*SOURCE MATERIAL*:
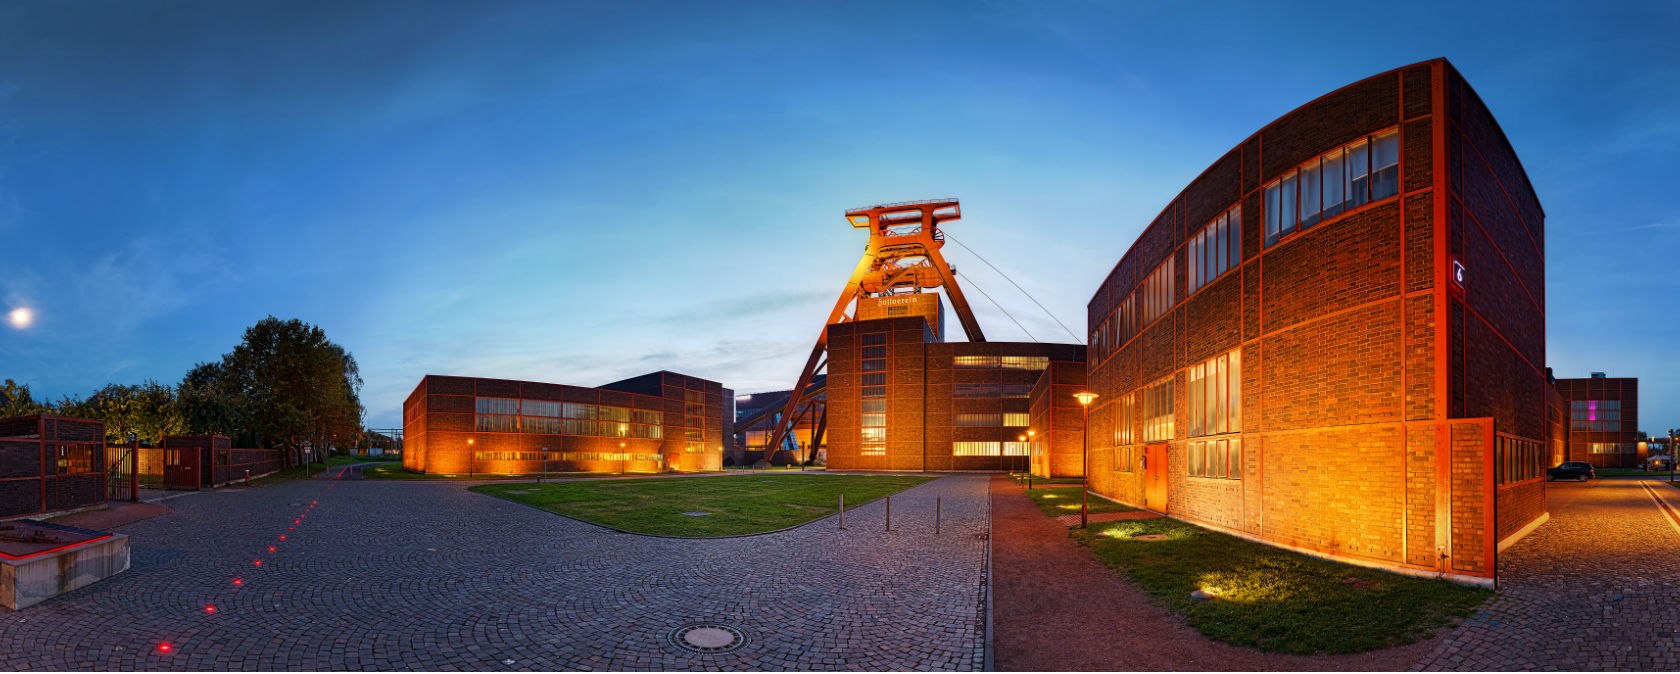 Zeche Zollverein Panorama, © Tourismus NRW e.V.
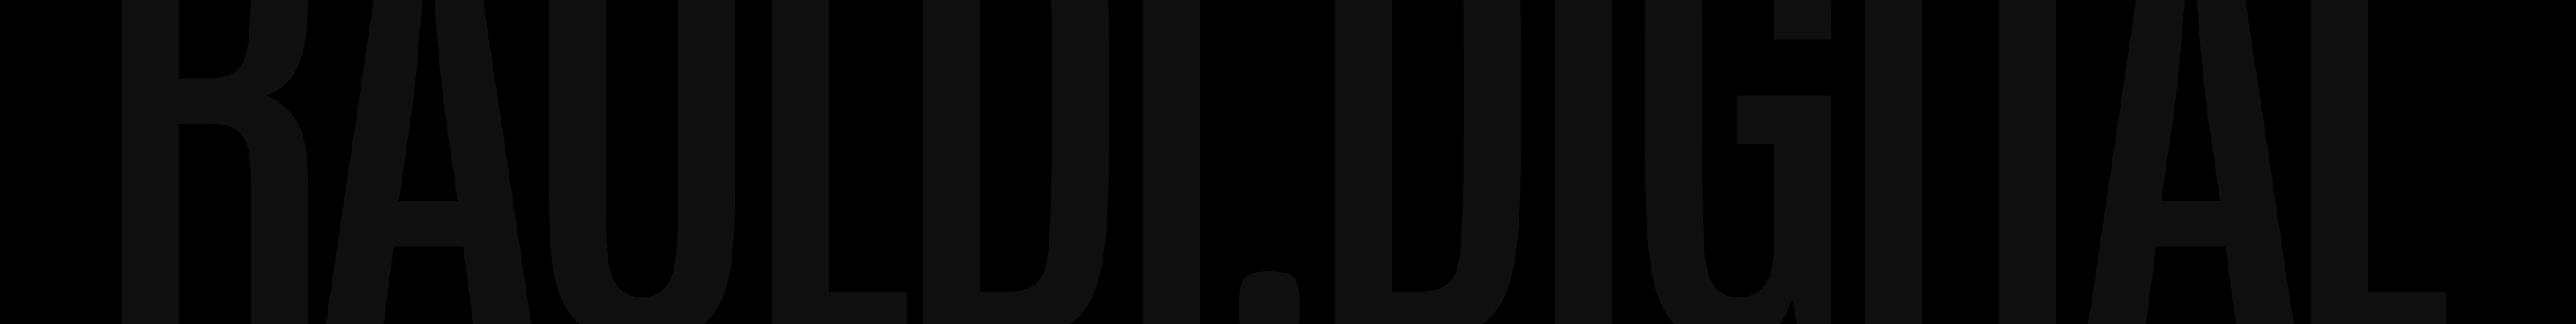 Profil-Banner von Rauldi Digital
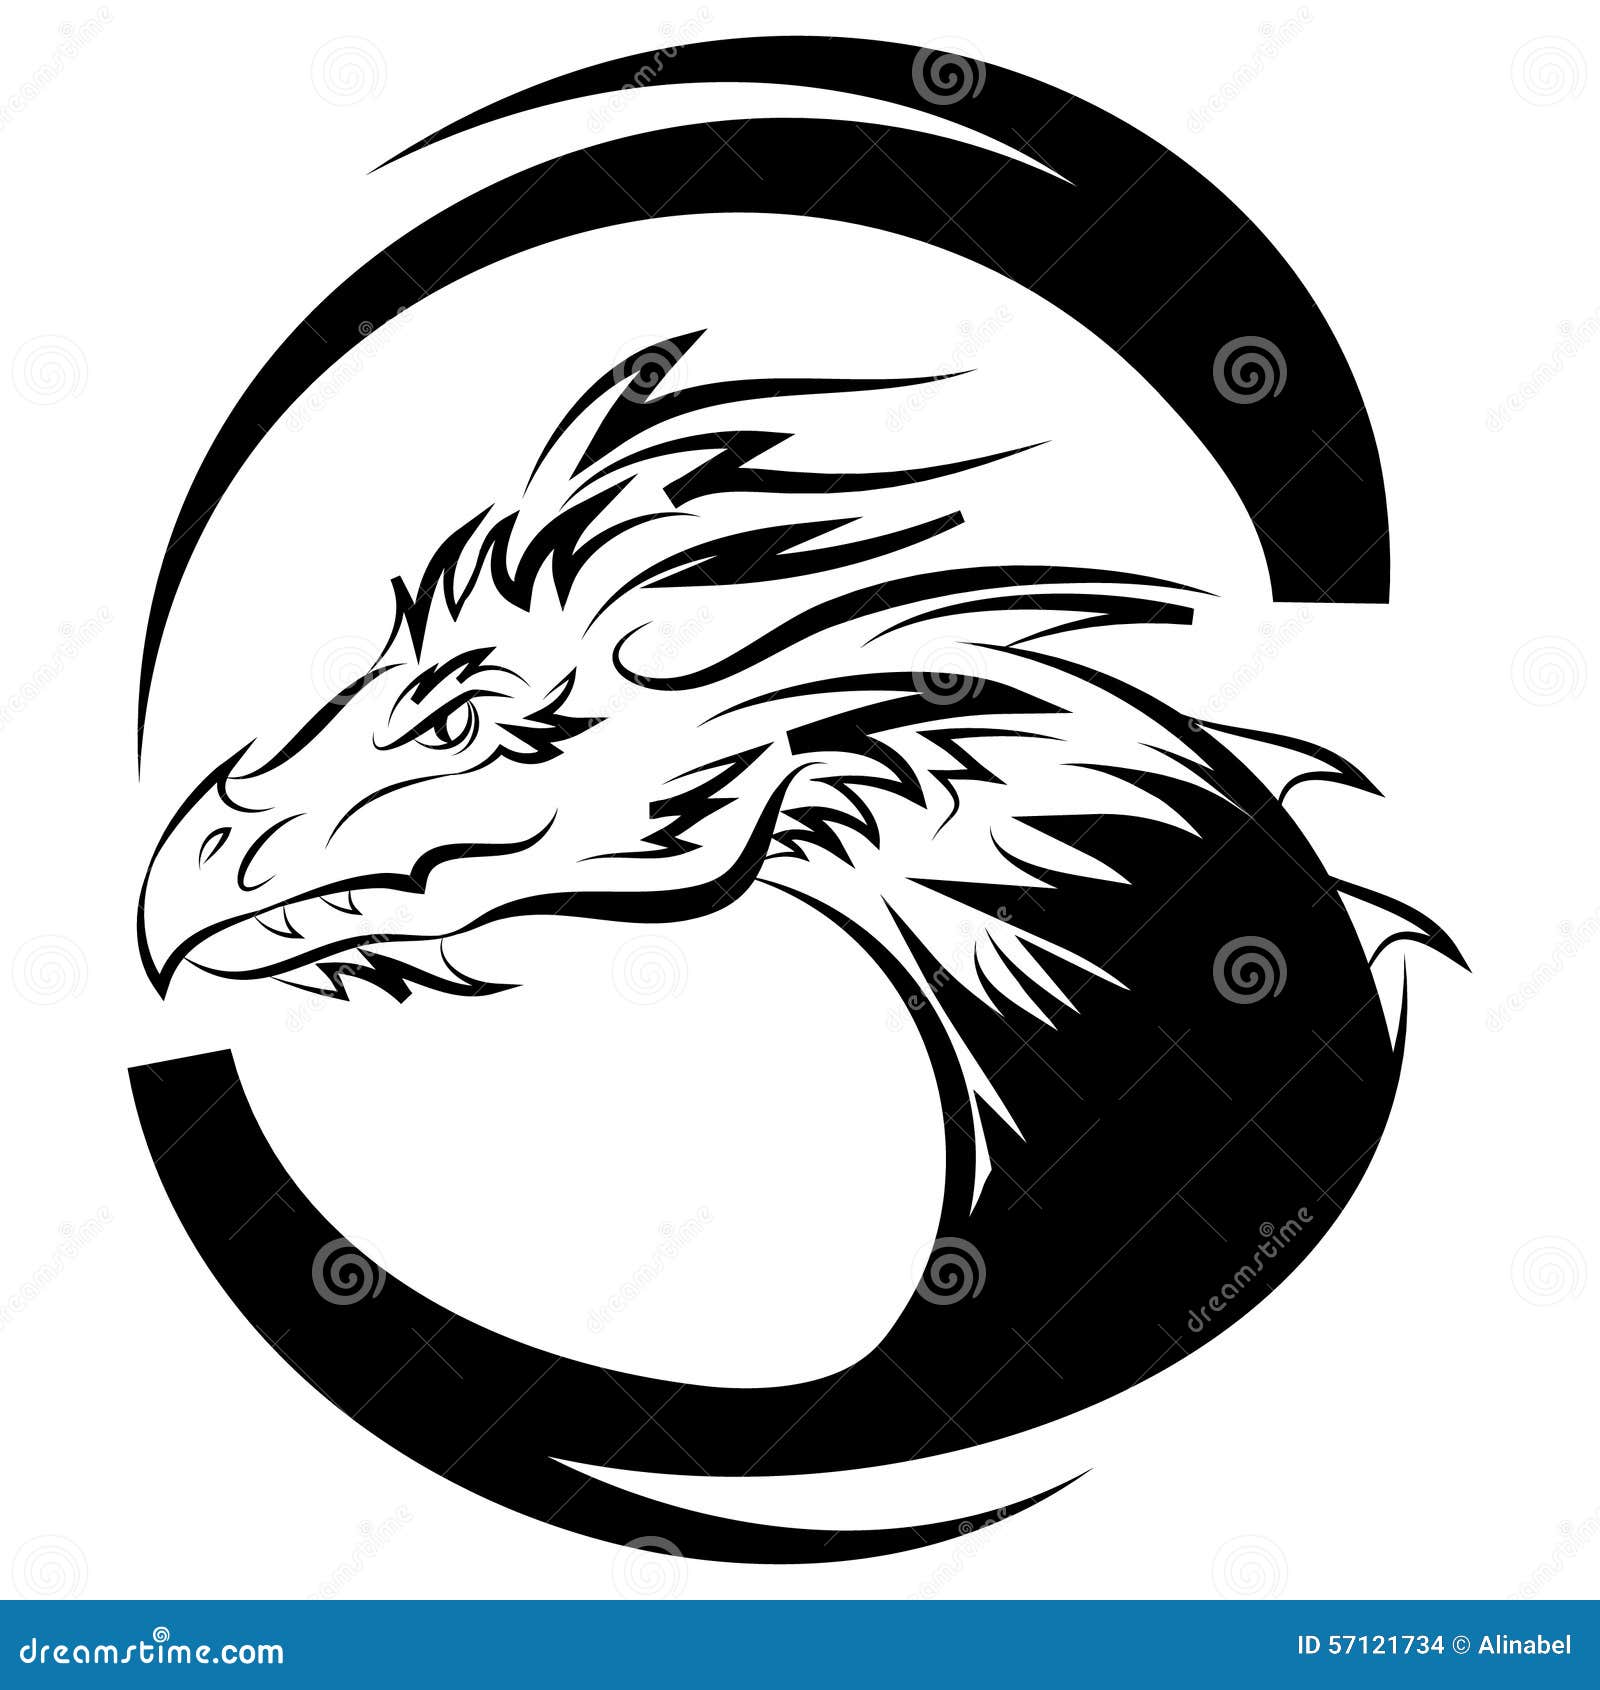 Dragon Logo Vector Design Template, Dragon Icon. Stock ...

*EXERCISE DIRECTIONS*: Once the pictures are dropped, repeat the data above exactly.

*EXERCISE ANSWER*:
 Zeche Zollverein Panorama, © Tourismus NRW e.V.
 Profil-Banner von Rauldi Digital
 Dragon Logo Vector Design Template, Dragon Icon. Stock ...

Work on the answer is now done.